Knowledge of useful labor will impart to your restless and dissat-
isfied mind energy, efficiency, and a becoming, modest dignity, which
will command respect. You know but very little of yourself; you know
not the deceptions of your own heart. The heart is deceitful above all
things and desperately wicked. Search your heart carefully, and take
time for meditation and prayer. Unless you see the defects in your
character and with genuine sincerity correct your errors, you cannot
be a disciple of Christ.
[337]
You love to think and talk about young men. You interpret their
civilities as a special regard for yourself. You flatter yourself that
you are more highly esteemed than you really are. Your conversation
should be upon subjects that will profit, that will refine and elevate.
You are not, my dear child, cultivating habits of frankness and sincerity.

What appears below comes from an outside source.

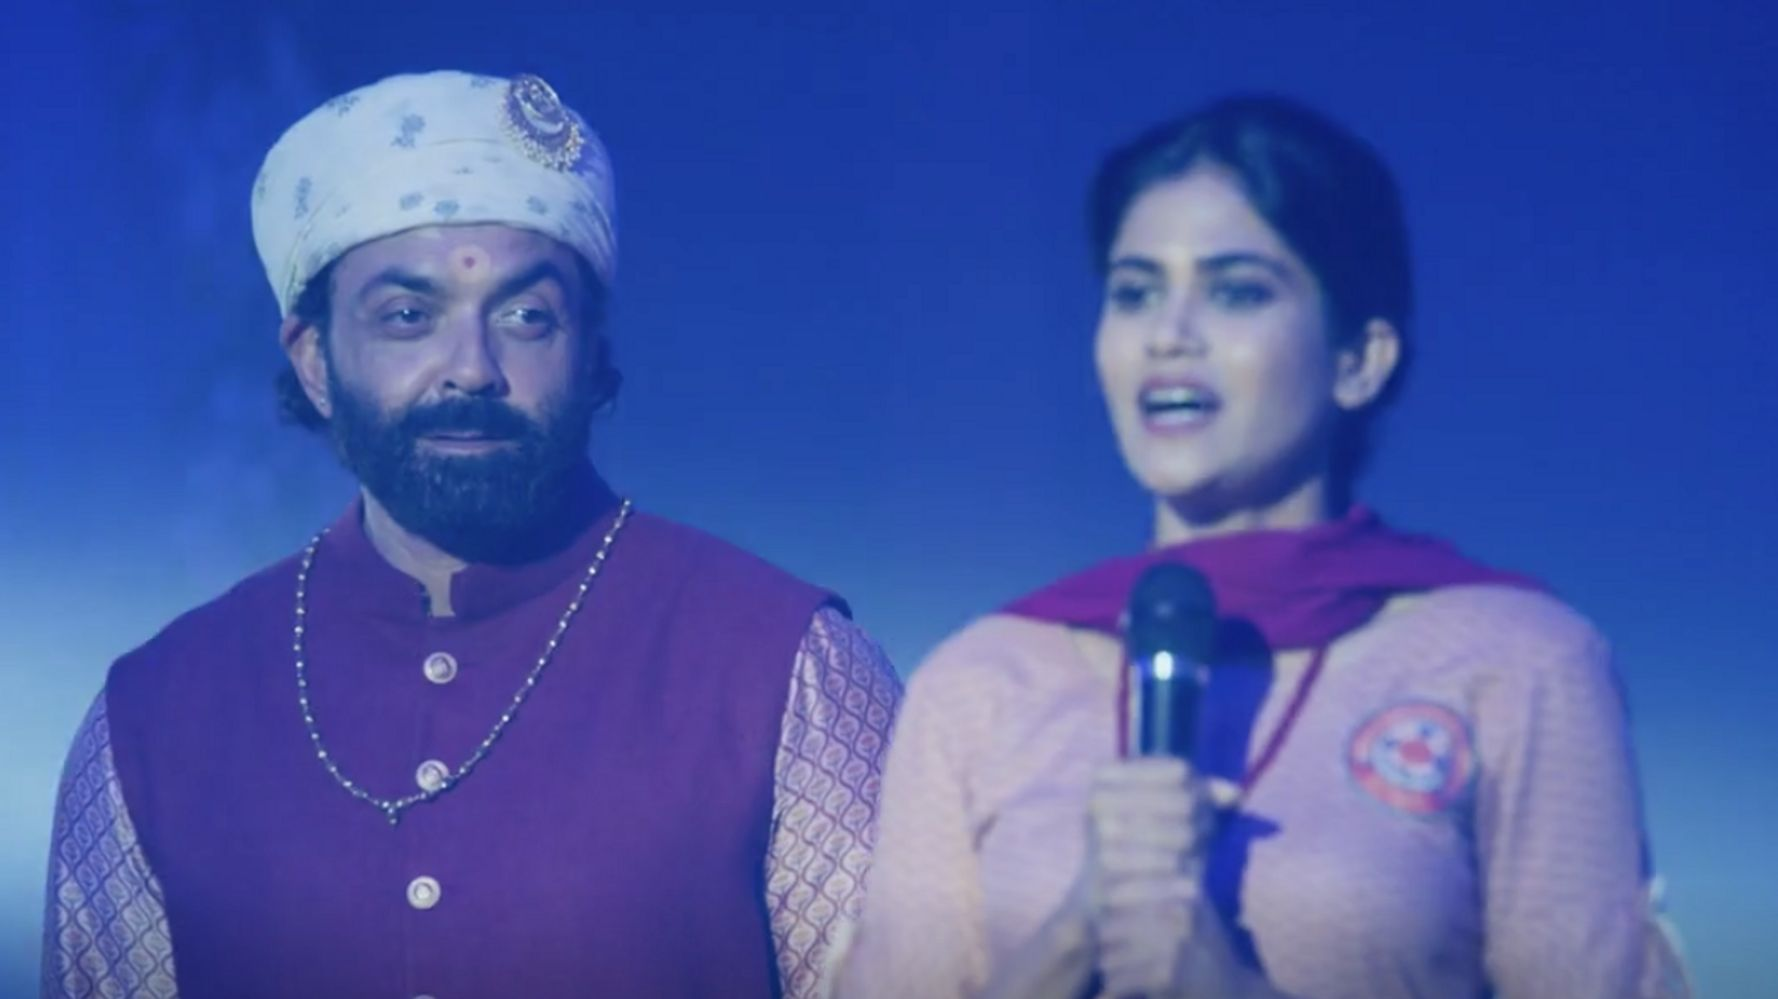 Bobby Deol's 'Aashram' Is Tacky, But It Strikes At The Hindutva Hornet's Nest
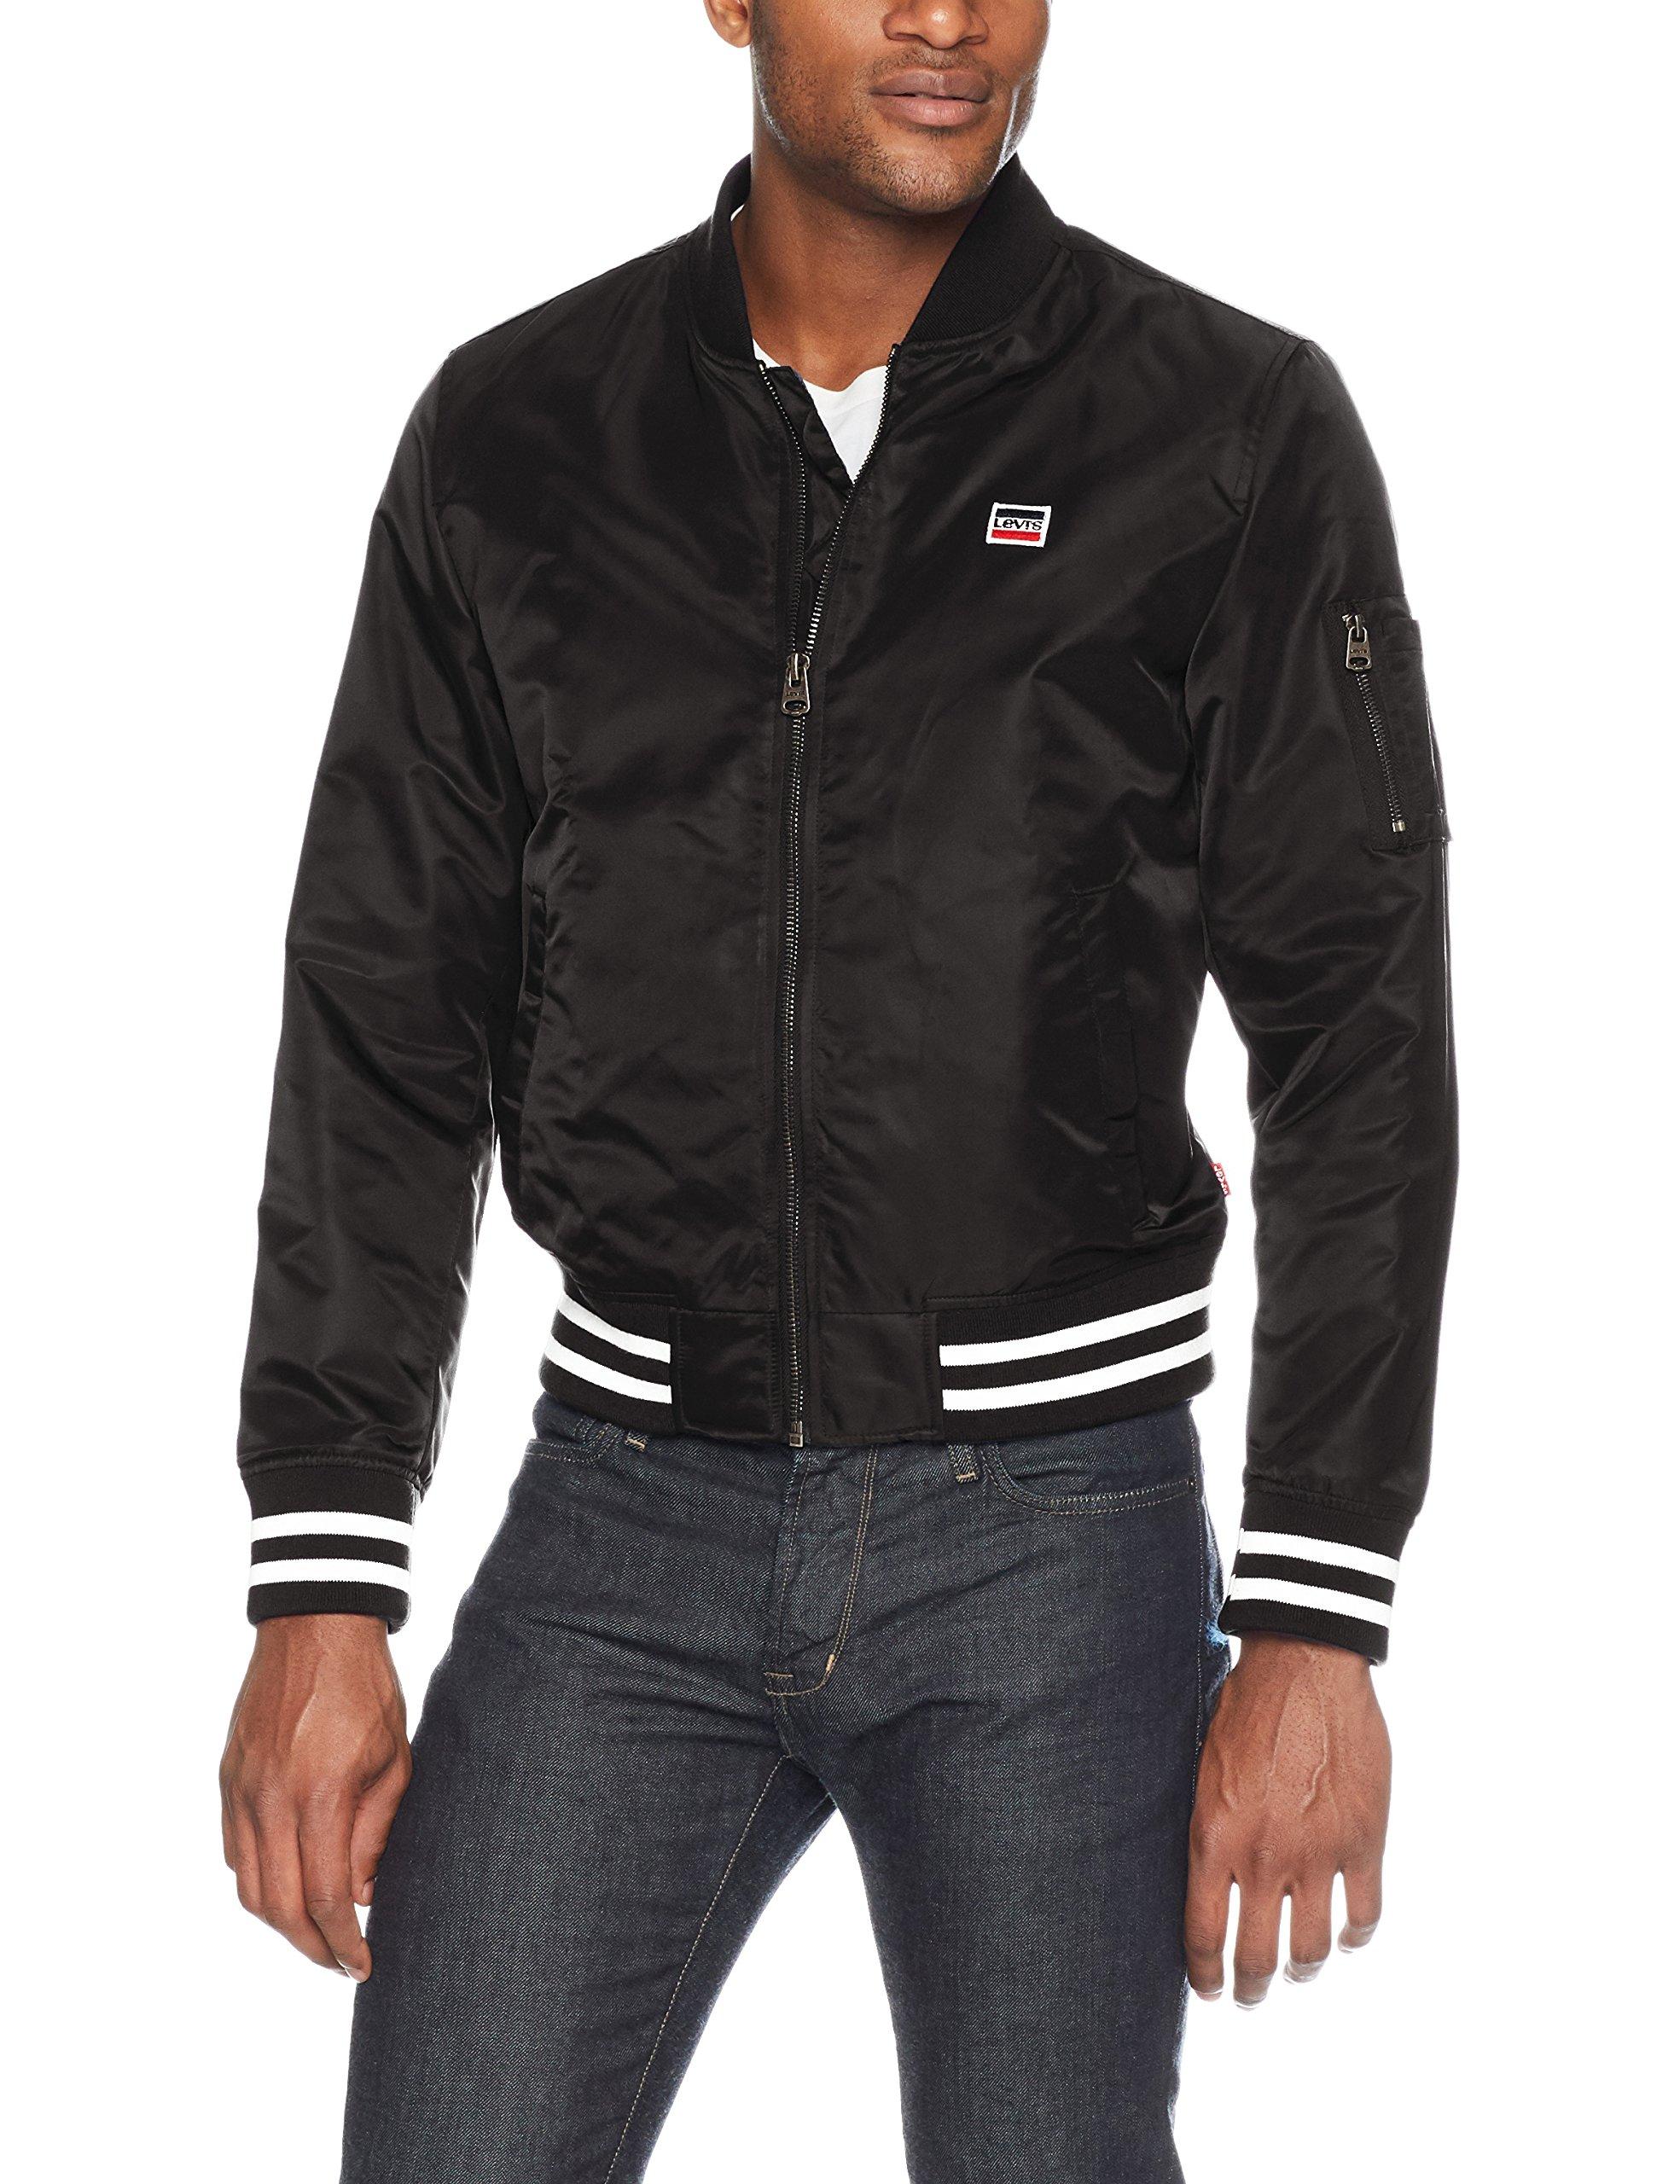 Levi's Men's Retro Varsity Bomber Jacket, Black, Small

Your heart is not right. Your influence is not good upon the young, for
you have not the mind of Christ; yet you flatter yourself that you have
made great advancement in the Christian life.
A reformation must commence in your father’s family. You bear
the stamp of your father’s character. You should endeavor to shun
his errors and his extremes. If you are truly a disciple of Christ you
will see important work to do at your home. Every family may be a
perpetual school. The elder sisters can exert a strong influence upon
the younger members of the family. The younger, witnessing the
example of the older, will be led more by the principle of imitation
than by oft-repeated precepts. The eldest daughter should ever feel it
a Christian duty devolving upon her to aid the mother in bearing her
many toilsome burdens. Hours are worse than lost that are spent in
bed, in sleep, or in gloomy musings, while the shoulders of some in
the family are bowed to carry the heavy, toilsome load.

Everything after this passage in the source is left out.